The full source can be found on GitHub. The master branch contains the final version, and the todo branch has the exercises incomplete.

TODO

Next lecture we will create an app called Two-Face that allows the user to take a split image on the front-facing camera. The left half and right half are taken at separate times. You can achieve some strange effects with such a camera, like a selfie in which you have two tongues, a before and after shot, or a blend of you and your sister.

The UI has 7 widgets:

The exercises don’t require much knowledge of the widgets, but here’s a quick breakdown of the flow. The preview is always active and sits in the background. The two capture buttons are visible initially. As soon as a half-picture is taken, its capture button is hidden, and the ImageView and reset button appear in its place. When reset is hit, the ImageView and reset button are hidden, and the capture button is made visible.

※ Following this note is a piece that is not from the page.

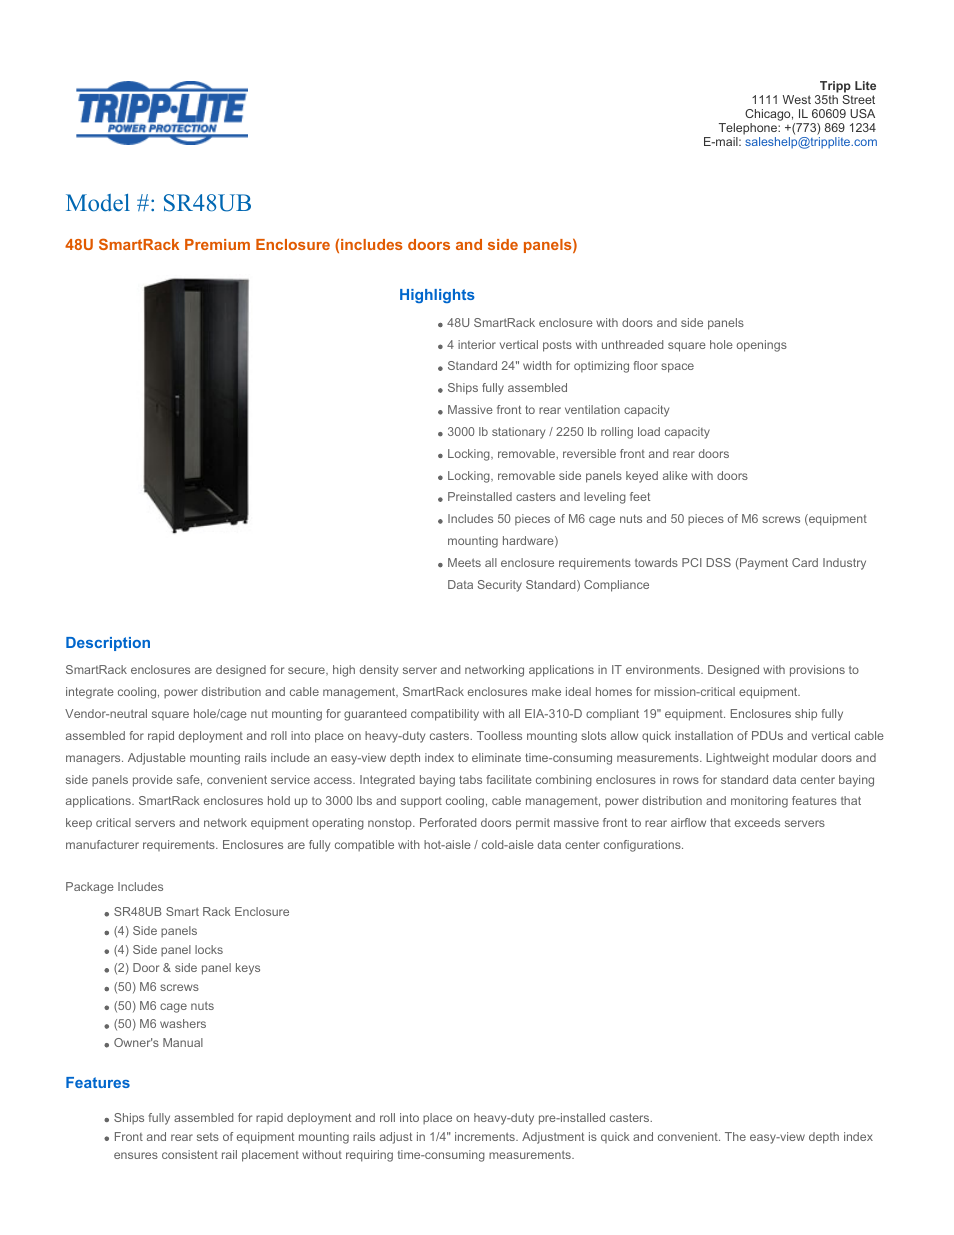 48U SmartRack Premium Enclosure SR48UB

Consult the following resources as you complete your exercises:

We’ll start with the following code, which implements the flow described above and finagles the transformations to get the images to appear correctly:

class MainActivity : PermittedActivity() {
  private lateinit var captureUseCase: ImageCapture

  private lateinit var previewView: TextureView
  private lateinit var leftImageView: ImageView
  private lateinit var rightImageView: ImageView

  private lateinit var leftResetButton: ImageButton
  private lateinit var rightResetButton: ImageButton
  private lateinit var leftCaptureButton: ImageButton
  private lateinit var rightCaptureButton: ImageButton

  private var leftBitmap: Bitmap? = null
  private var rightBitmap: Bitmap? = null

  override fun onCreate(savedInstanceState: Bundle?) {
    super.onCreate(savedInstanceState)
    setContentView(R.layout.activity_main)

    leftImageView = findViewById(R.id.leftImageView)
    rightImageView = findViewById(R.id.rightImageView)

    leftResetButton = findViewById(R.id.leftResetButton)
    rightResetButton = findViewById(R.id.rightResetButton)
    leftCaptureButton = findViewById(R.id.leftCaptureButton)
    rightCaptureButton = findViewById(R.id.rightCaptureButton)

    previewView = findViewById(R.id.leftView)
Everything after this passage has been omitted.